REQUIRED WORK
Aside from the pictures, copy the listing exactly.

══ DATA PROVIDED

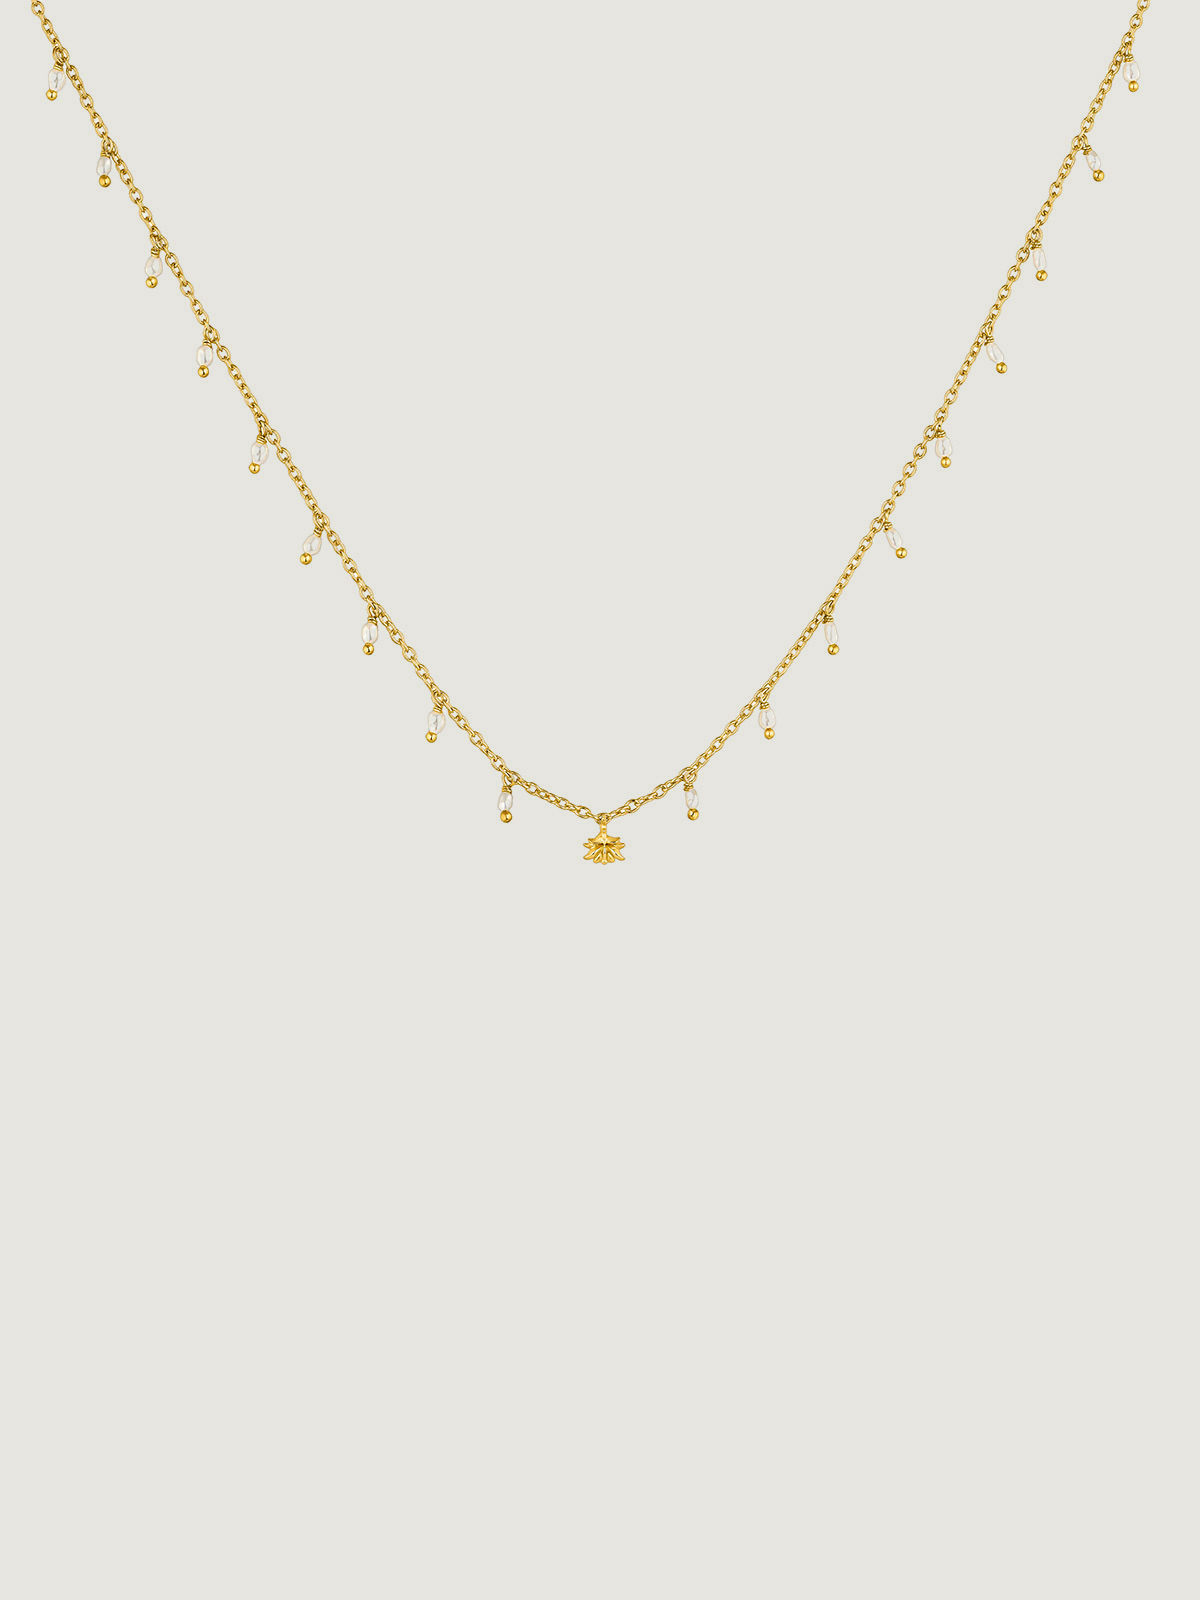 Collar de plata 925 bañada en oro amarillo de 18K con perlas de río y flor de loto
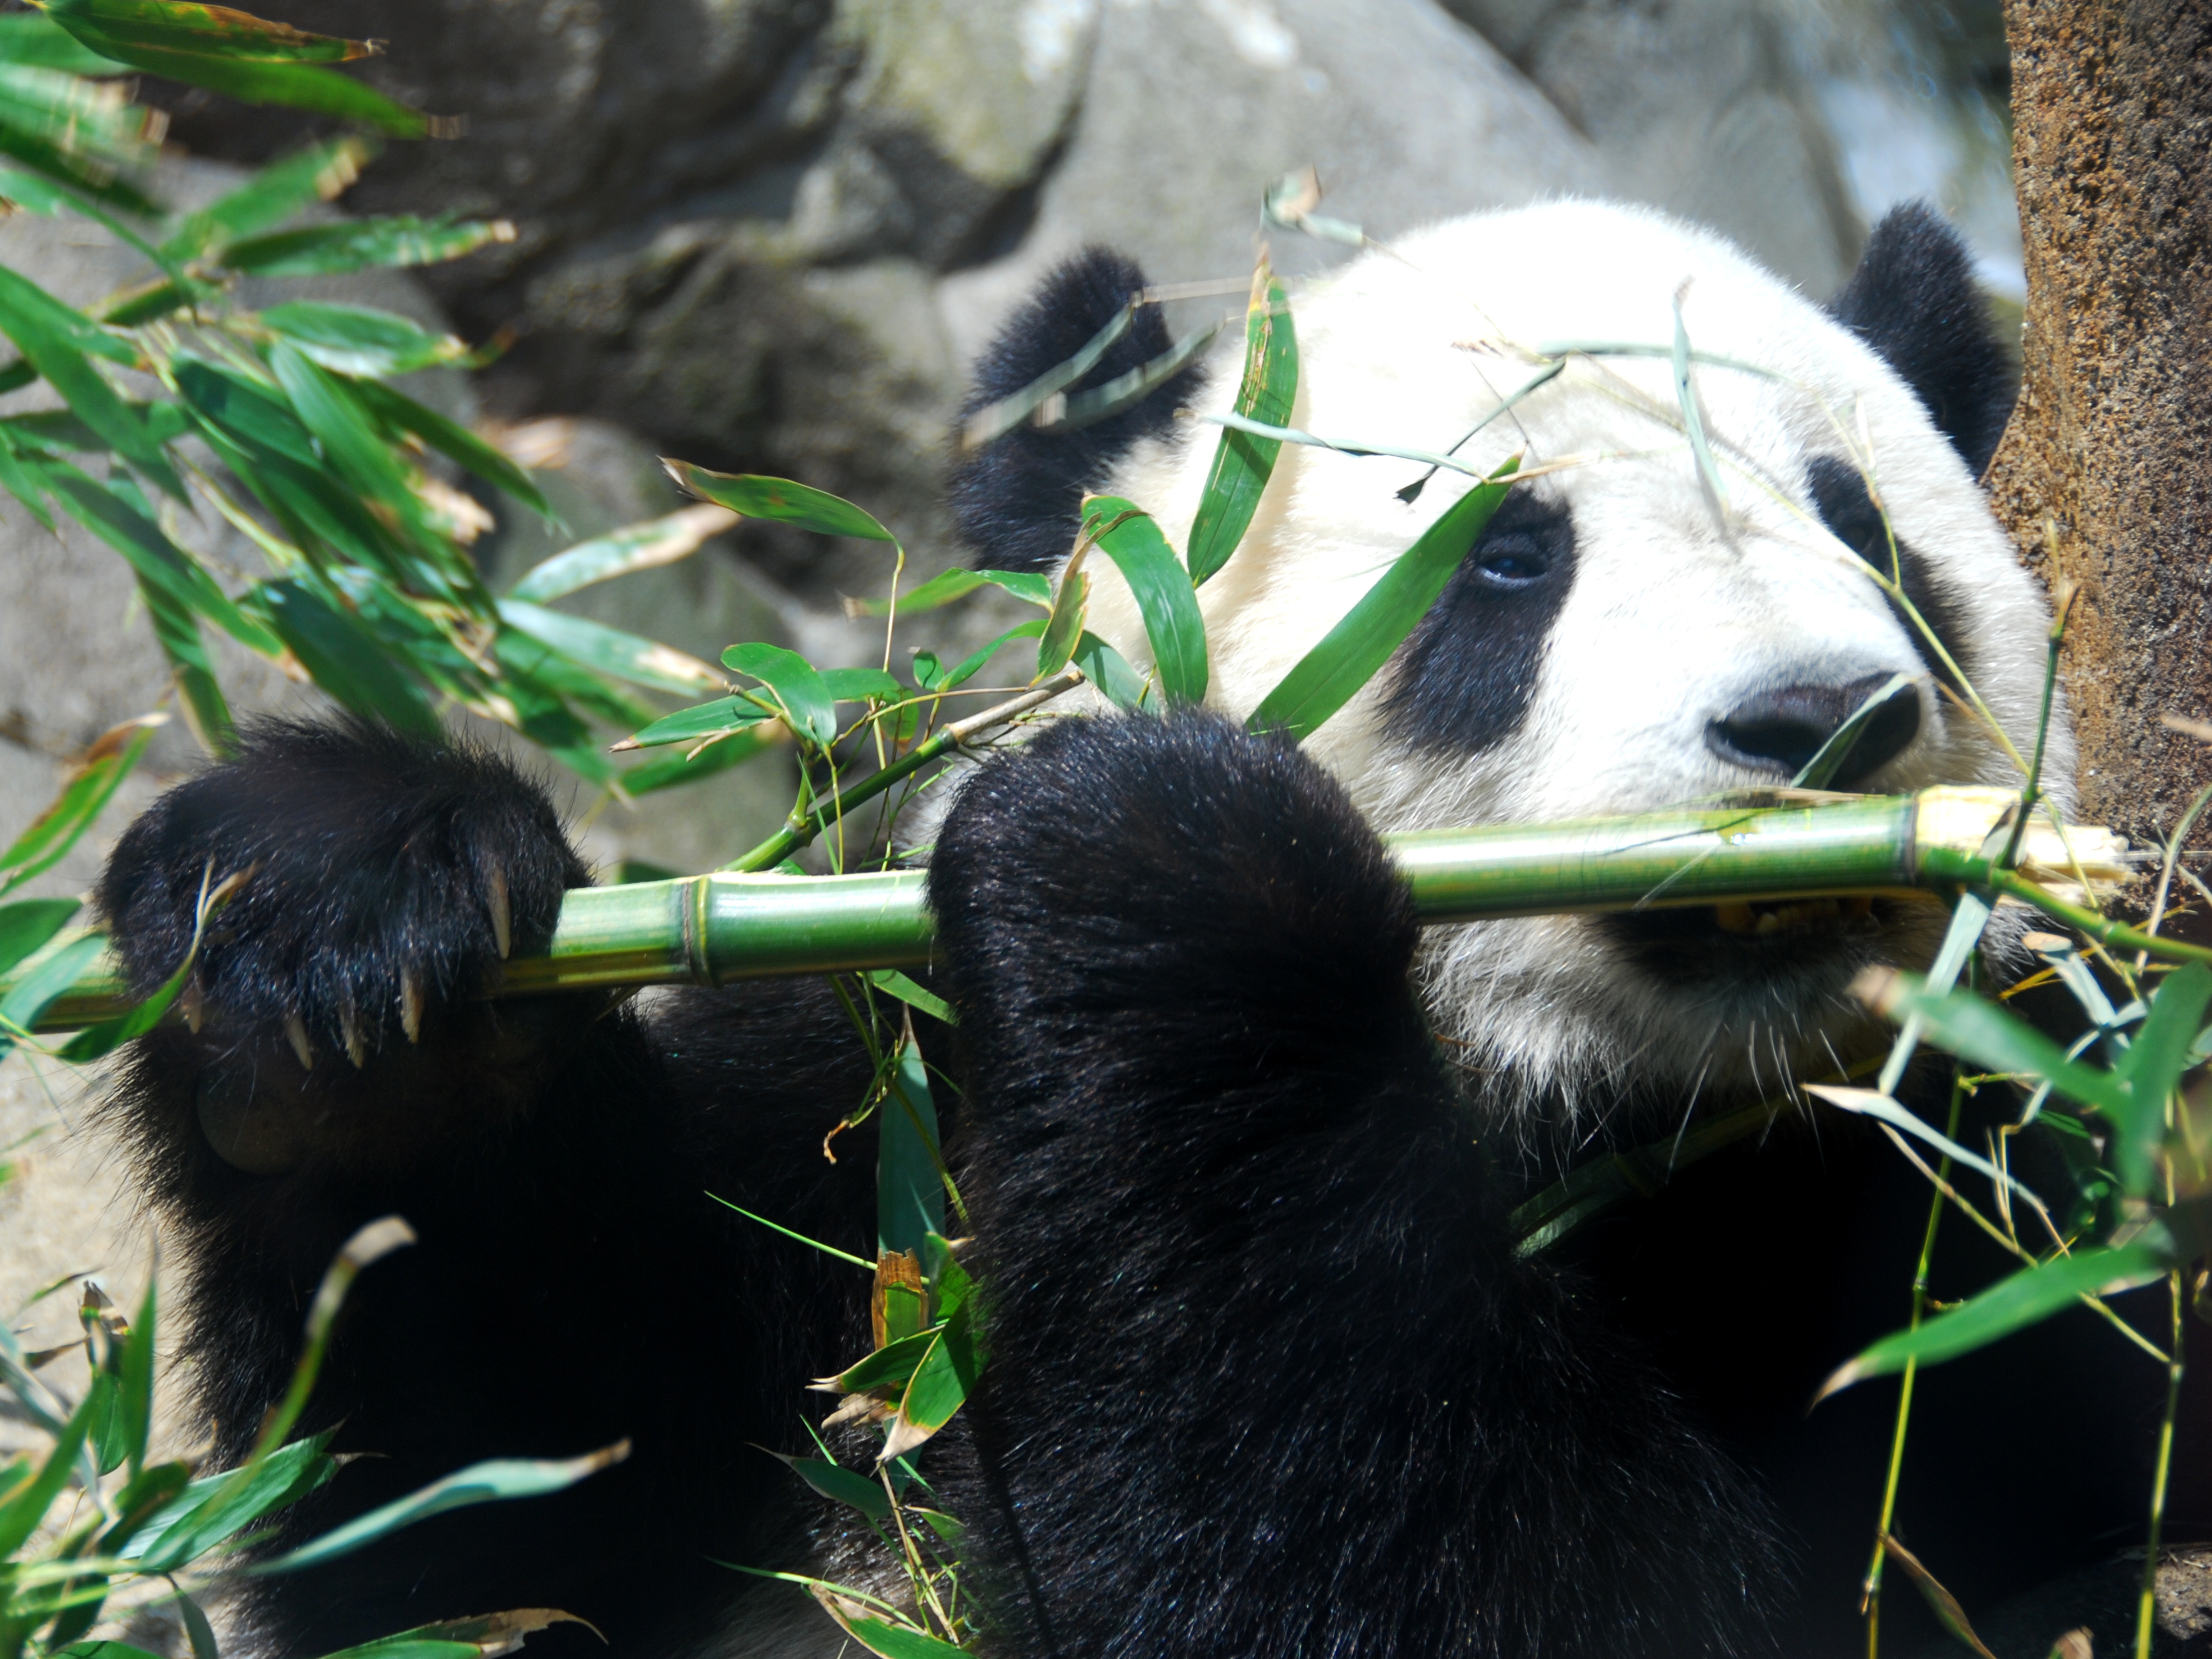 Where is Tai Shan the panda?
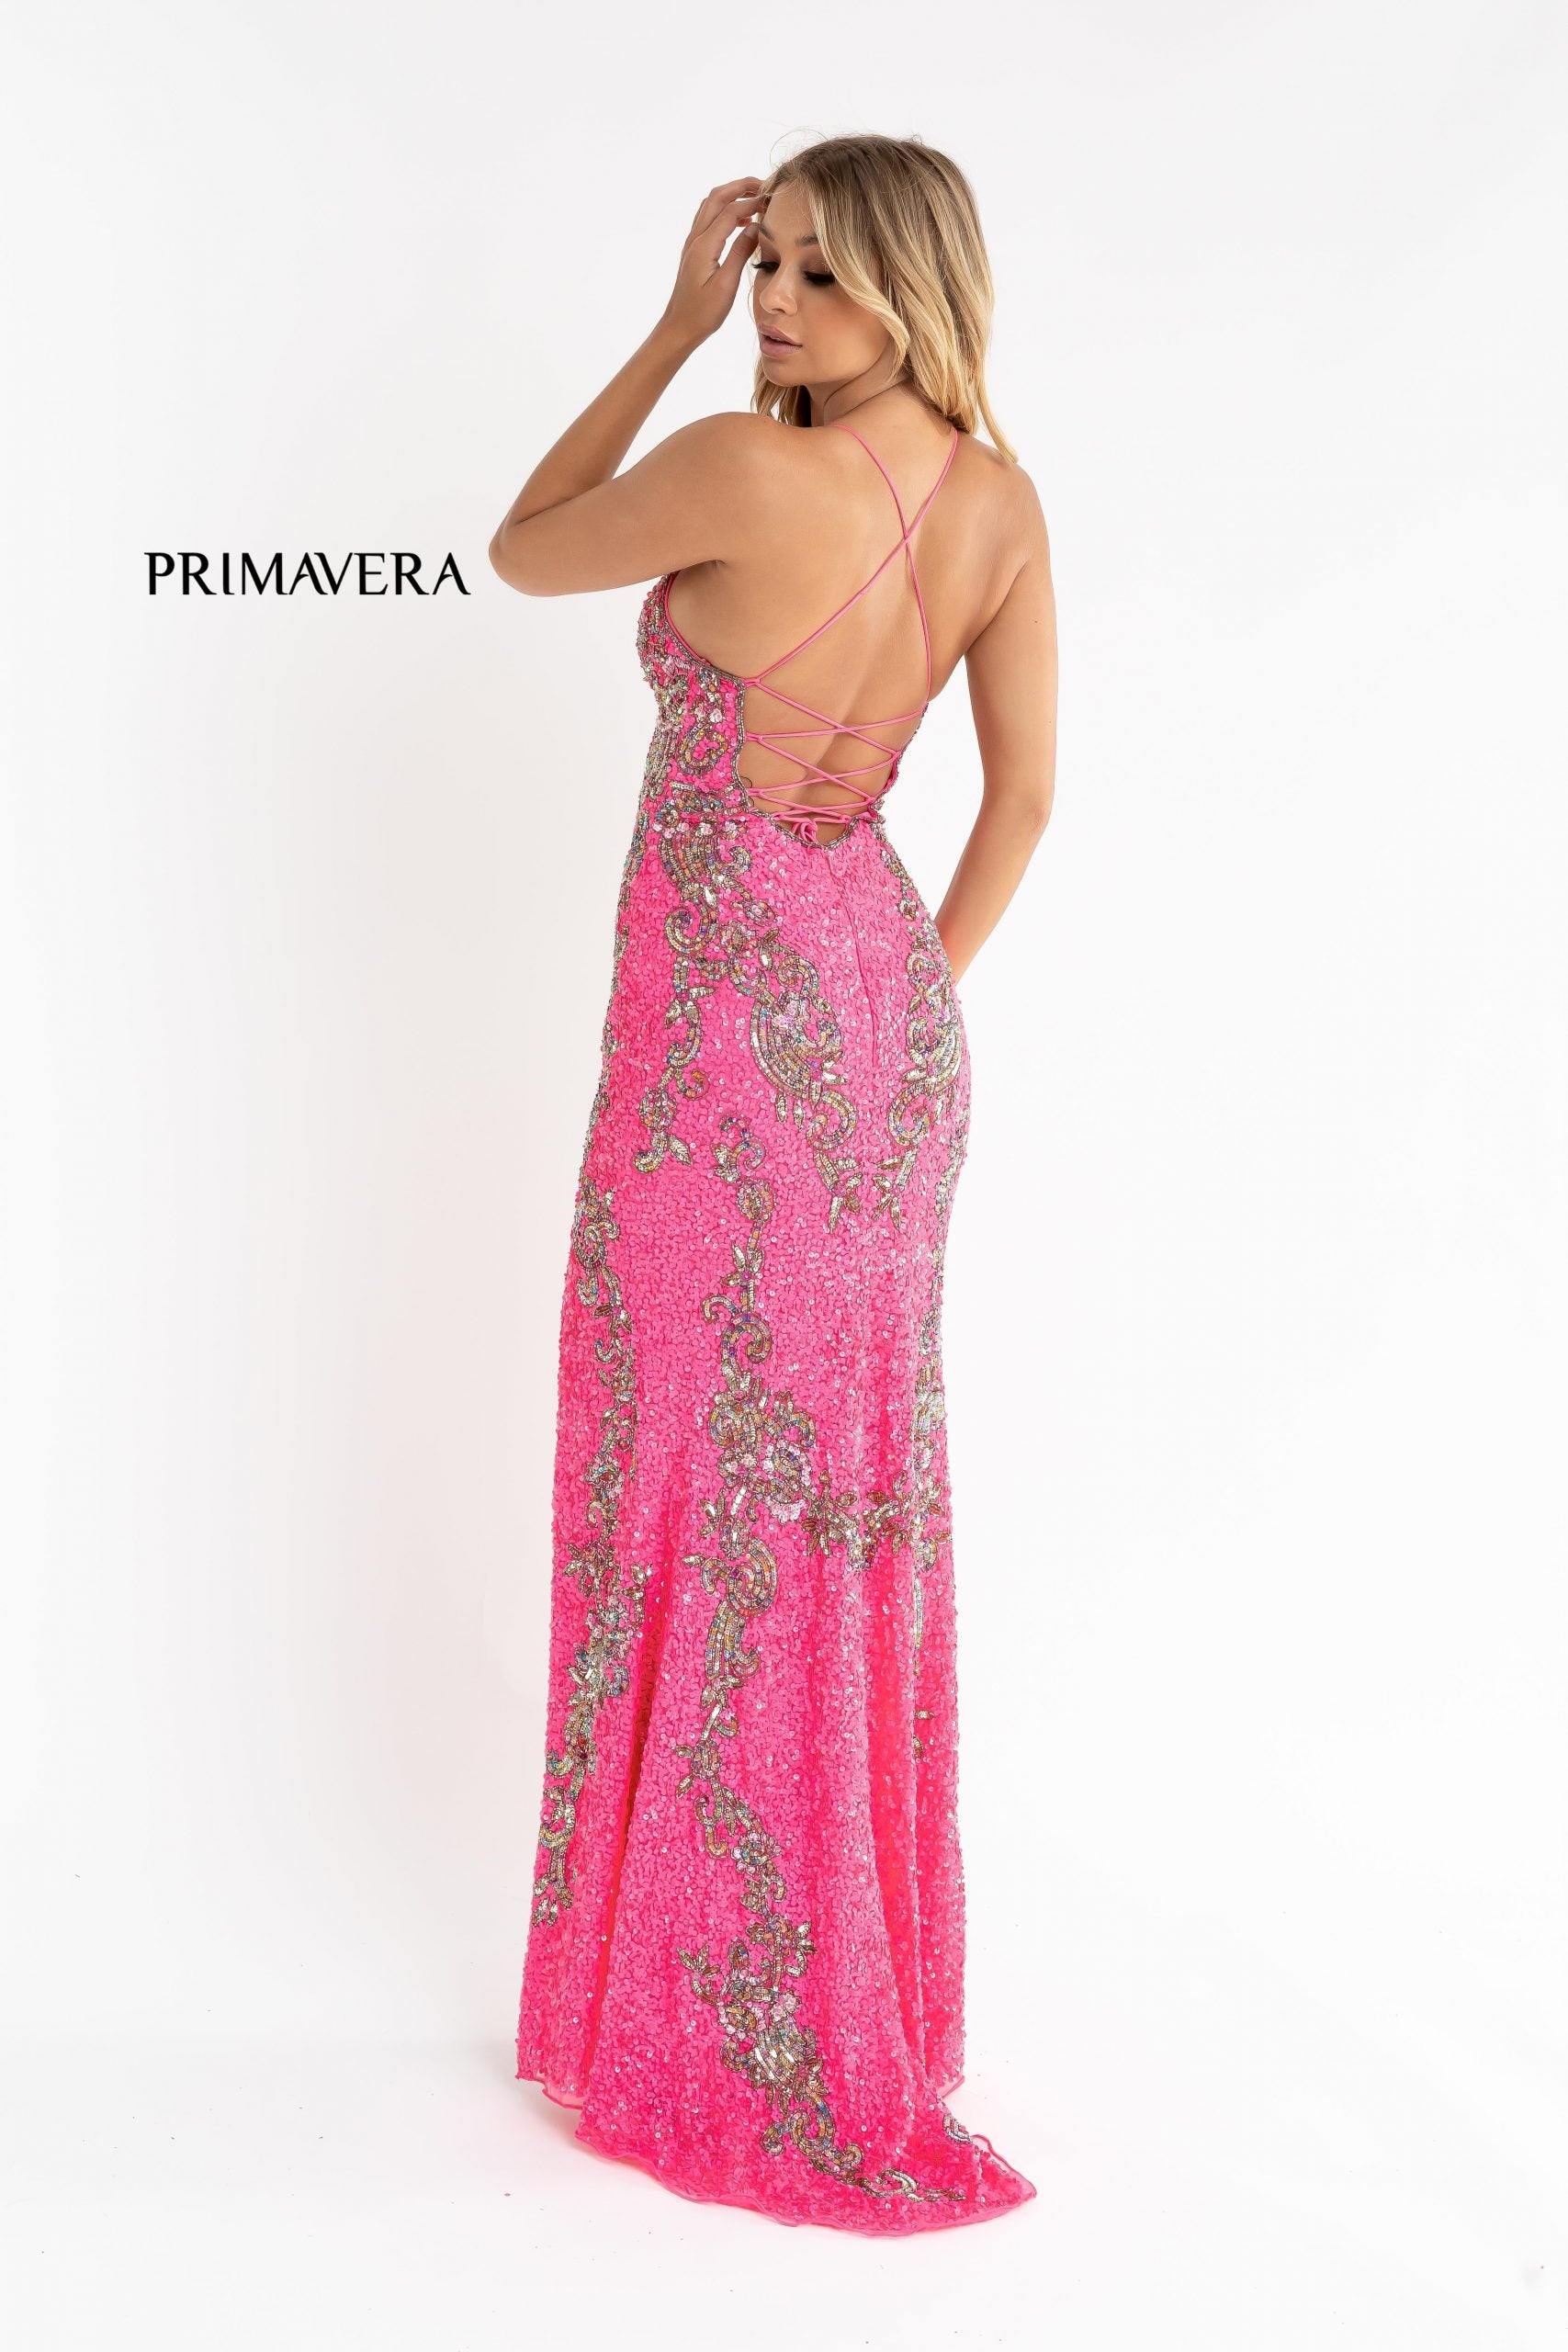 Primavera-couture-3211-NEON-PINK-prom-dress-back-v-neckline-floral-sequins-lace-up-tie-back-slit

════

YOUR SOLUTION
 Collar de plata 925 bañada en oro amarillo de 18K con perlas de río y flor de loto
 Where is Tai Shan the panda?
 Primavera-couture-3211-NEON-PINK-prom-dress-back-v-neckline-floral-sequins-lace-up-tie-back-slit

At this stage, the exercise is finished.